Thursday, November 8, 2012 : 3:00 PM
Salon D (Radisson Plaza Lord Baltimore Hotel)

*Names in bold indicate Presenter

Carly Urban, Montana State University and J. Michael Collins, University of Wisconsin


With courts backlogged by record numbers of foreclosure filings, policymakers are increasingly interested in finding solutions to the ongoing housing crisis. One potential mechanism for curbing foreclosure filings and facilitating conversations between borrowers and lenders, while also helping courts catch up on their backlogged caseloads, is moratoria on foreclosures. In the past, policymakers have enacted moratoria during periods of dire need, including the Great Depression and the aftermaths of Hurricanes Katrina and Rita. In recent years, moratoria of varying durations (between one month and five years) have been proposed at the local, state, and federal levels.

Before suggesting that policymakers implement foreclosure moratoria, this paper takes a step back and examines what a foreclosure moratorium does. The first part of the paper examines the lender's incentives associated with the policy change, where we ask if conditional on delinquency, lenders speed up the sending of the initial foreclosure decision. Lenders may be particularly interested in doing so if they think that the moratorium could be extended for an uncertain period of time. We document the bunching of foreclosure filings just before the start of the moratorium period, as well as a bunching of filings just after the moratorium concludes. Second, we determine (1) if there is less delay in the time to the foreclosure decision in the treatment areas, (2) if the added time gives delinquent loans an increased probability of obtaining a formal renegotiation of mortgage contracts, and (3) if conditional on receiving a modification, the terms are more generous than they would have been absent the policy.

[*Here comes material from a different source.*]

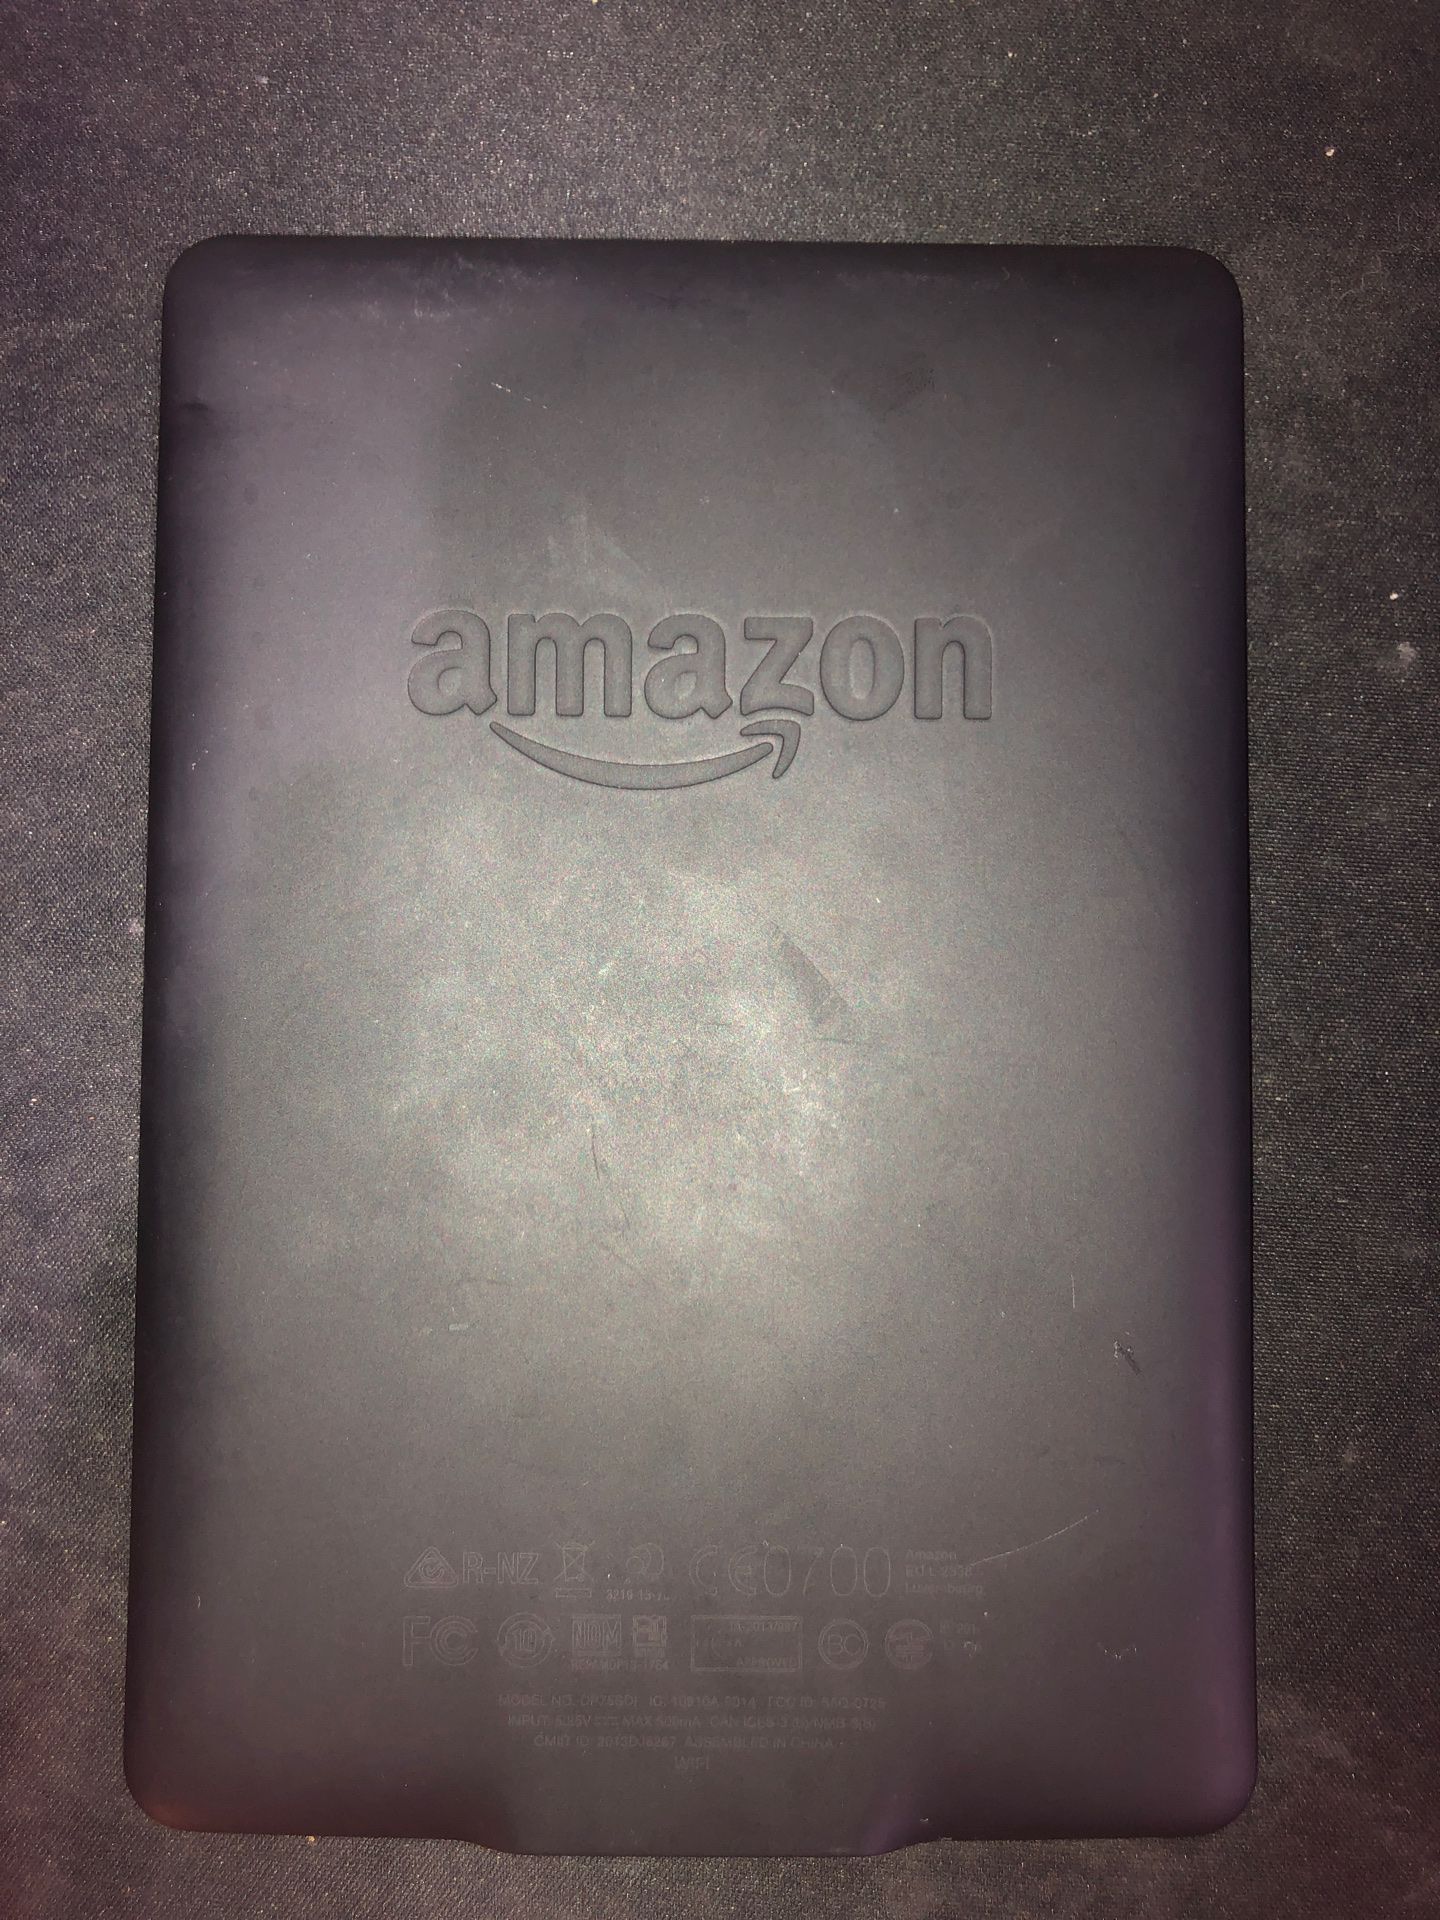 Amazon Kindle (Barely Used)

To test these hypotheses empirically, we examine two moratoria programs: one statewide program in Florida in 2008, and another in the City of Philadelphia also in 2008. Using data from the Corporate Trust Services (CTS) database, which provides monthly information on all loans where Wells Fargo is the trustee, we obtain the current delinquency status of the loan, whether or not it received a modification, and when the initial filing was sent, along with many other variables. For Philadelphia, we implement a difference-in-differences specification where we compare modifications within the city of Philadelphia, where borrowers were exposed to the moratorium, to those in counties just outside the city limits, where we hold MSA constant. In Florida, we examine the same questions using a regression discontinuity design, where we compare loans in Northern Florida to those just over the border in Georgia and Alabama, again holding MSA constant in order to control for local housing market attributes. This natural experiment is unique to the mortgage literature, as there is no selection into a moratorium policy.